Band structure and optical absorption in multilayer armchair graphene nanoribbons: A Pariser-Parr-Pople model study

摘要

Using the tight-binding and Pariser-Parr-Pople model Hamiltonians, we study the electronic structure and optical response of multilayer armchair graphene nanoribbons (AGNRs), both with and without a gate bias. In particular, the influence of the number of layers (n), and the strength of the electric field applied perpendicularly to layers, for different types of edge alignments is explored via their electro-optical properties. As a function of increasing n, the energy gap initially decreases, eventually saturating for large n.
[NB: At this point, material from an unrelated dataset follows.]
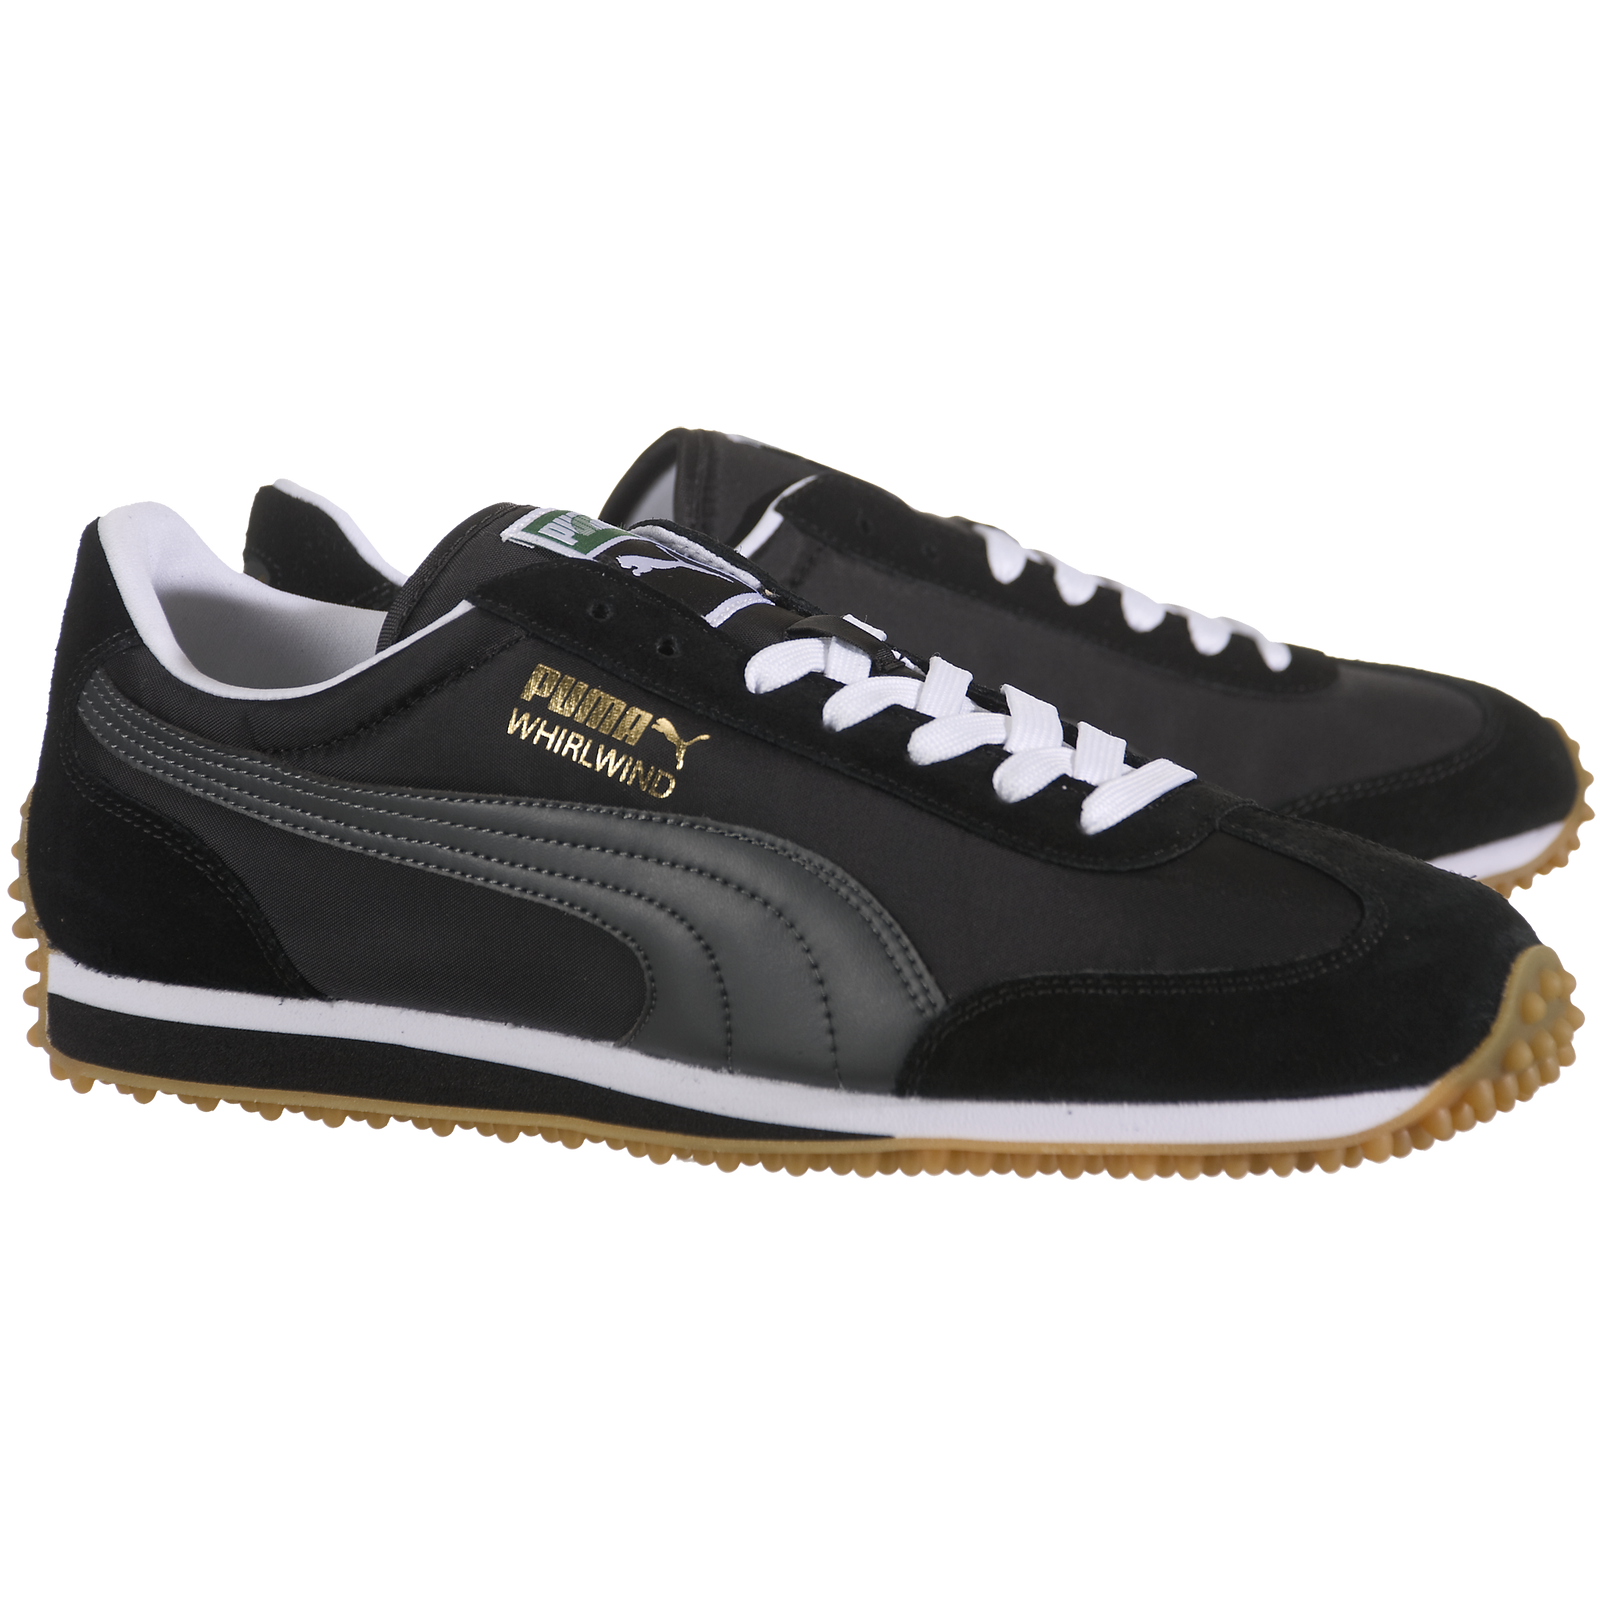 Puma Whirlwind Classic - 35129333 - Sneakerhead.com – SNEAKERHEAD.com

The intensity of the linear optical absorption in these systems also increases with increasing n and depends crucially on the polarization direction of the incident light and the type of the edge alignment. This provides an efficient way of determining the nature of the edge alignment, and n, in the experiments. In the presence of a gate bias, the intensity of optical absorption behaves in a nontrivial way. The absorption becomes more intense for the large fields in narrow ribbons exhibiting a redshift of the band gap with the increasing field strength, while in broad ribbons exhibiting a blueshift, the absorption becomes weaker. However, for smaller electric fields, the absorption intensity exhibits more complicated behavior with respect to the field strength. Thus, the effect of the gate bias on optical absorption intensity in multilayer AGNRs is in sharp contrast to bilayer graphene, which exhibits only enhancement of the absorption intensity with the increasing electric field.